Let $P = p_1\ p_2\ p_3\ \ldots\ p_n$ and $Q = q_1\ q_2\ q_3\ \ldots\ q_m$ be the two strings for which we want to find the LCS.

Let $\LCS(P,Q)$ be the length of the longest common subsequence of $P$ and $Q$.

As with any dyanmic programming problem, we need to define $\mathbf{\mathbf{LCS}(P,Q)}$ in terms of smaller subproblems that can be evaluated recursively.

Let's consider smaller subproblems in which we remove the last character, $p_n$, from $P$ and/or remove the last character, $q_m$, from $Q$.

Then there are four situations:

The easiest situation occurs when the last characters are identical.

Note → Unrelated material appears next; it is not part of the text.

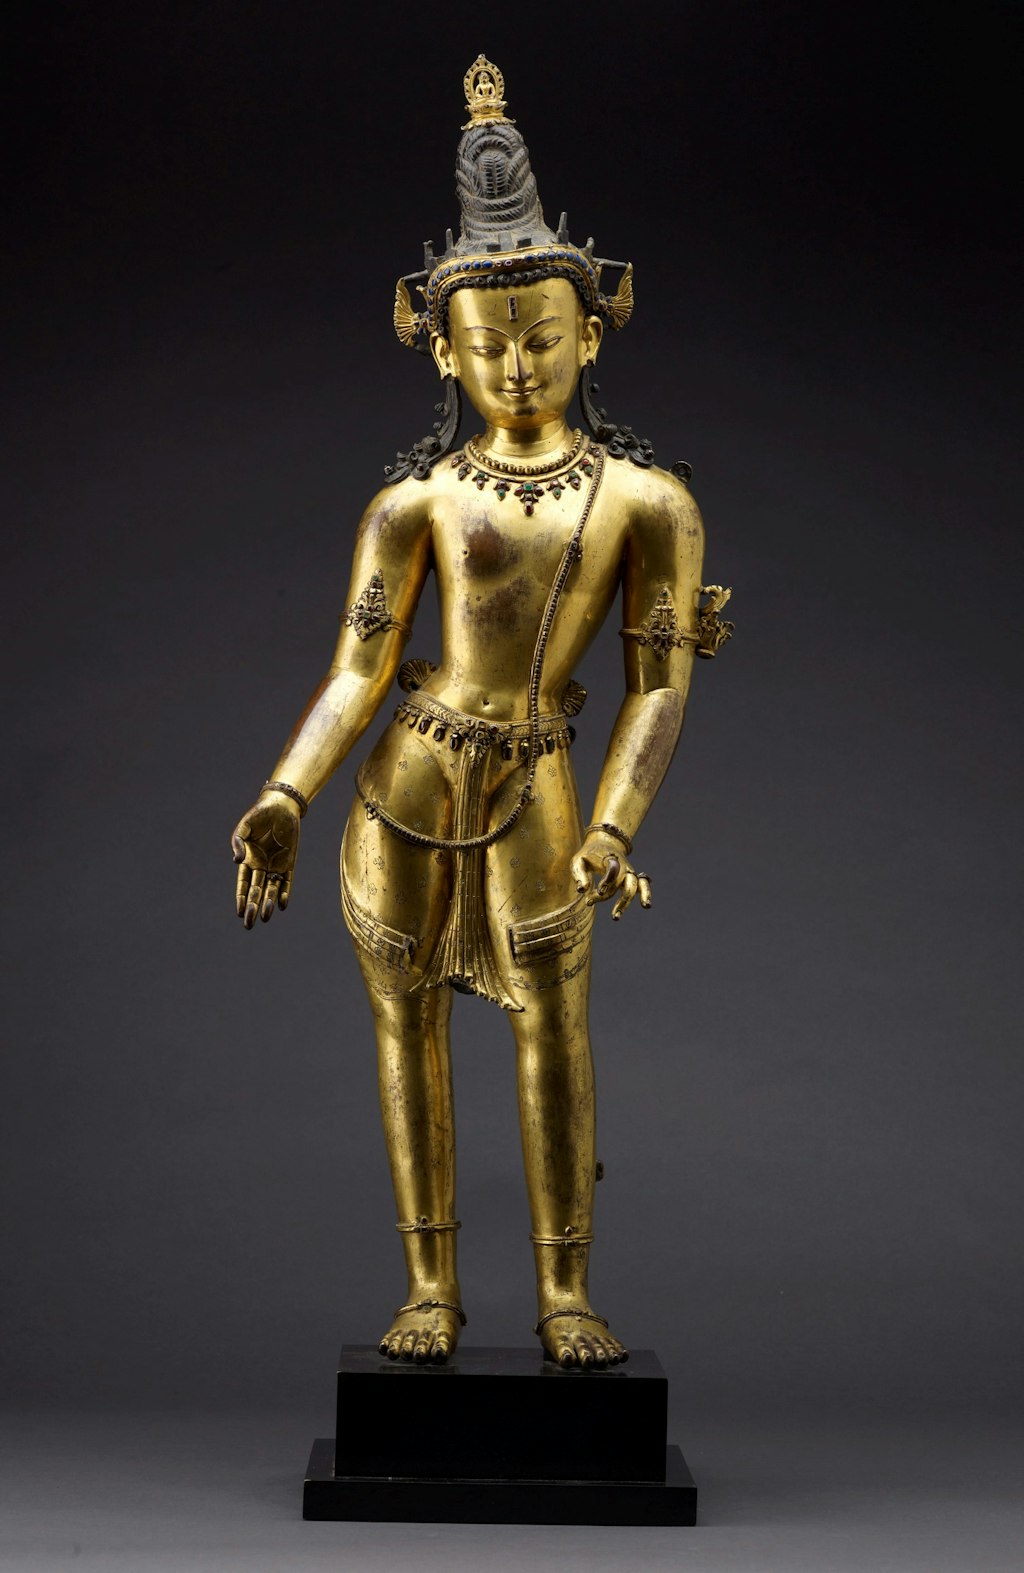 [w:117.2010[Padmapani]], Kathmandu Valley, Nepal, c13th century, Art Gallery of New South Wales

Then we can use that character as the last character in the LCS, and append it to the LCS of the preceding characters in $P$ and $Q$. In this case, $$\LCS( p_1 \ldots p_n, q_1 \ldots q_m ) = 1 + \LCS( p_1 \ldots p_{n-1}, q_1 \ldots q_{m-1} ) .$$

Otherwise, the last characters are not identical:

Perhaps $p_n$ is in the LCS and $q_m$ is not. Then $$\LCS( p_1 \ldots p_n, q_1 \ldots q_m ) = \LCS( p_1 \ldots p_n, q_1 \ldots q_{m-1} ) .$$
Perhaps $q_m$ is in the LCS and $p_n$ is not. Then $$\LCS( p_1 \ldots p_n, q_1 \ldots q_m ) = \LCS( p_1 \ldots p_{n-1}, q_1 \ldots q_m ) .$$
Perhaps neither of $p_n$ and $q_m$ is in the LCS. Then $$\LCS( p_1 \ldots p_n, q_1 \ldots q_m ) = \LCS( p_1 \ldots p_{n-1}, q_1 \ldots q_{m-1} ) .$$

For the latter three cases, we don't know which is the maximum, so we have to evaluate all three and pick the maximum.

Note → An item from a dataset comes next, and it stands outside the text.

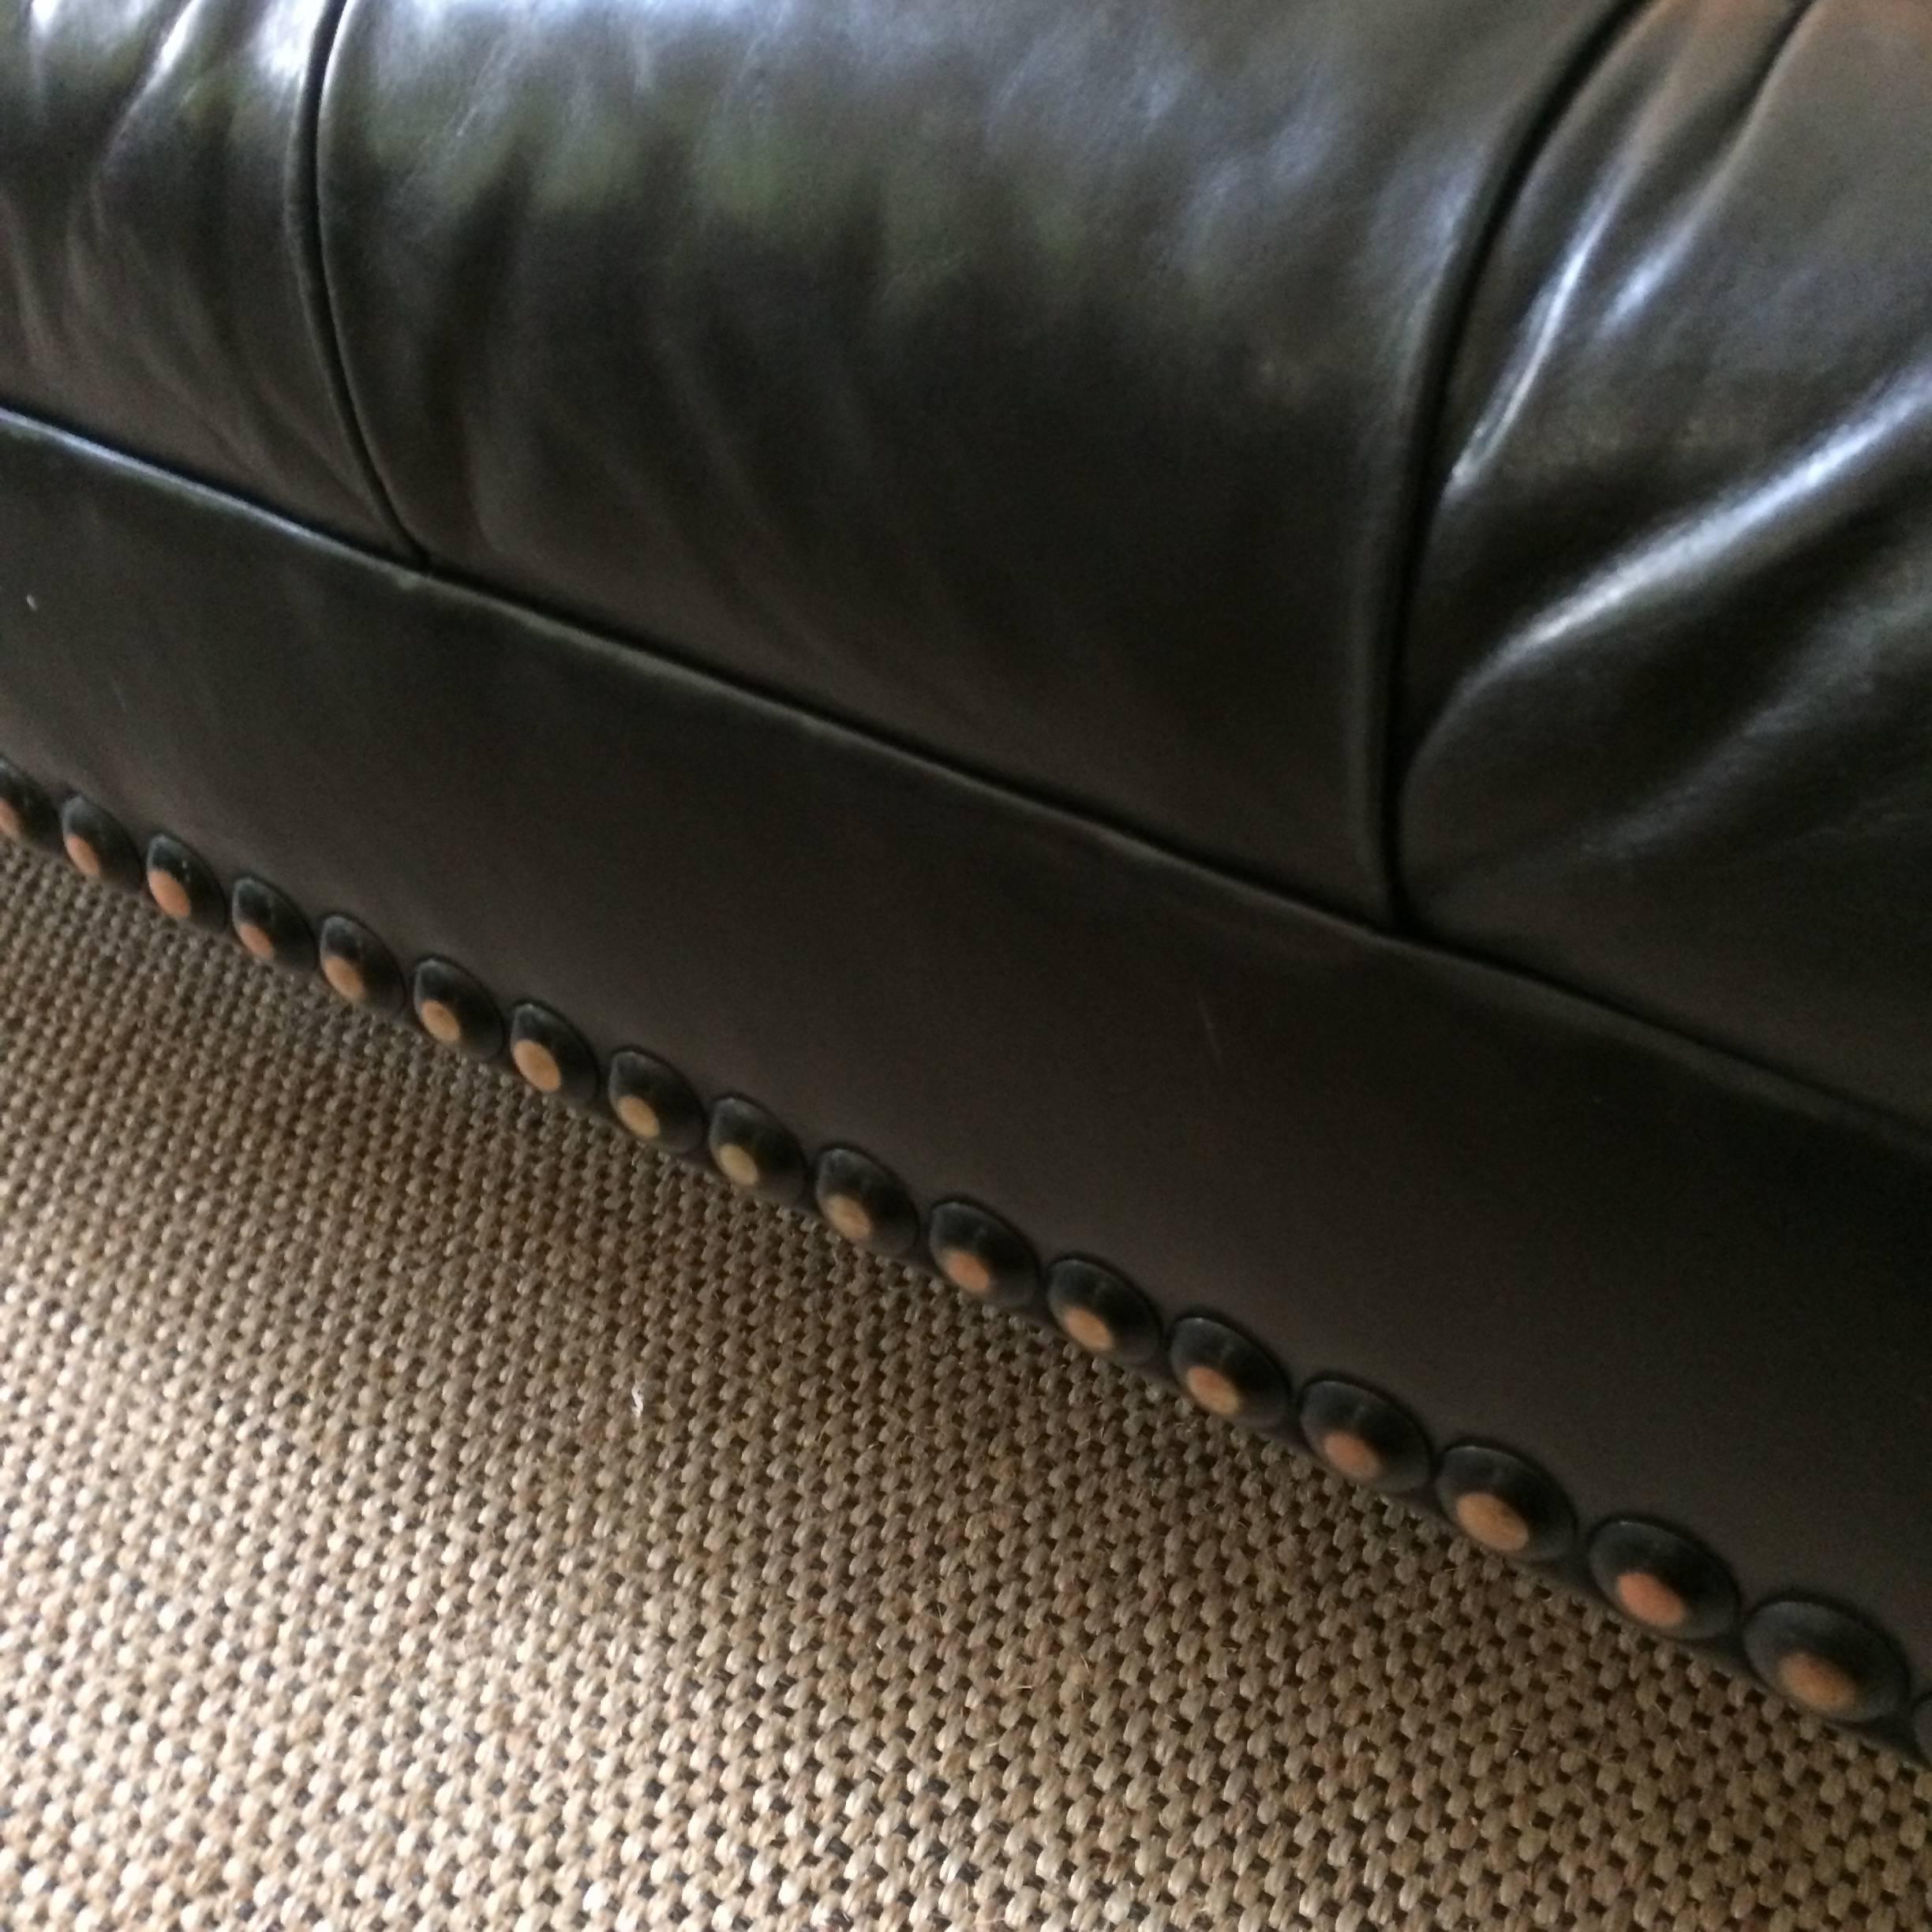 black tufted leather sofa

To simplify the notation, we'll define $$\LCS(i,j) = \LCS( p_1 \ldots p_i, q_1 \ldots q_j ) .$$

Then we have (using $i$ in place of $n$, and $j$ in place of $m$ to indicate that we could be at any prefix of the strings):

if $p_i = q_j$ $$\LCS( i, j ) = 1 + \LCS( i-1, j-1 )$$
else $$\LCS( i, j ) = \max( \ \ \begin{array}[t]{l} \LCS( i-1, j ), \\ \LCS( i, j-1 ), \\ \LCS( i-1, j-1 ) \ \ \ ) \end{array}$$

As this is recursive, we need some base cases, which occur when the string has length zero:

$\LCS(i,0) = 0$
$\LCS(0,j) = 0$

Implementing LCS

As with the contour joining problem, we can build a table, LCS[i,j], and fill it in, starting from the"smallest" subproblem and going in order of increasing subproblem size.

Subproblem sizes range from $(0,0)$ (the base case) to $(n,m)$, so we need a table of size $(n+1) \times (m+1)$ to store the subproblem results.

Here's a example table for strings $P$ = "mailroom" and $Q$ = "palindrome". Note the $p_0$ column and $q_0$ row for the base cases, which already have their LCS filled in.

empty table with 'mailroom' horizontally and 'palindrome' vertically

To avoid the extra $p_0$ column and $q_0$ row, we could incorporate the base cases as conditional tests in the program code. But this extra row and column allows us to have simpler, cleaner code, so we'll accept the extra memory cost.

As with the contour joining problem, the subproblem size increases left-to-right and top-to-bottom in this table, so we'll fill the table in using that order:

           # n = 8
	   # m = 10
	   
           for i=0 to n
	     LCS[i,0] = 0
	   
           for j=1 to m
	     LCS[0,j] = 0
	     
	   for i=1 to n
	     for j=1 to m
	       if P[i] == Q[j]
                 LCS[i,j] = 1 + LCS[i-1,j-1]
	       else
                 LCS[i,j] = max( LCS[i-1,j], LCS[i,j-1], LCS[i-1,j-1] )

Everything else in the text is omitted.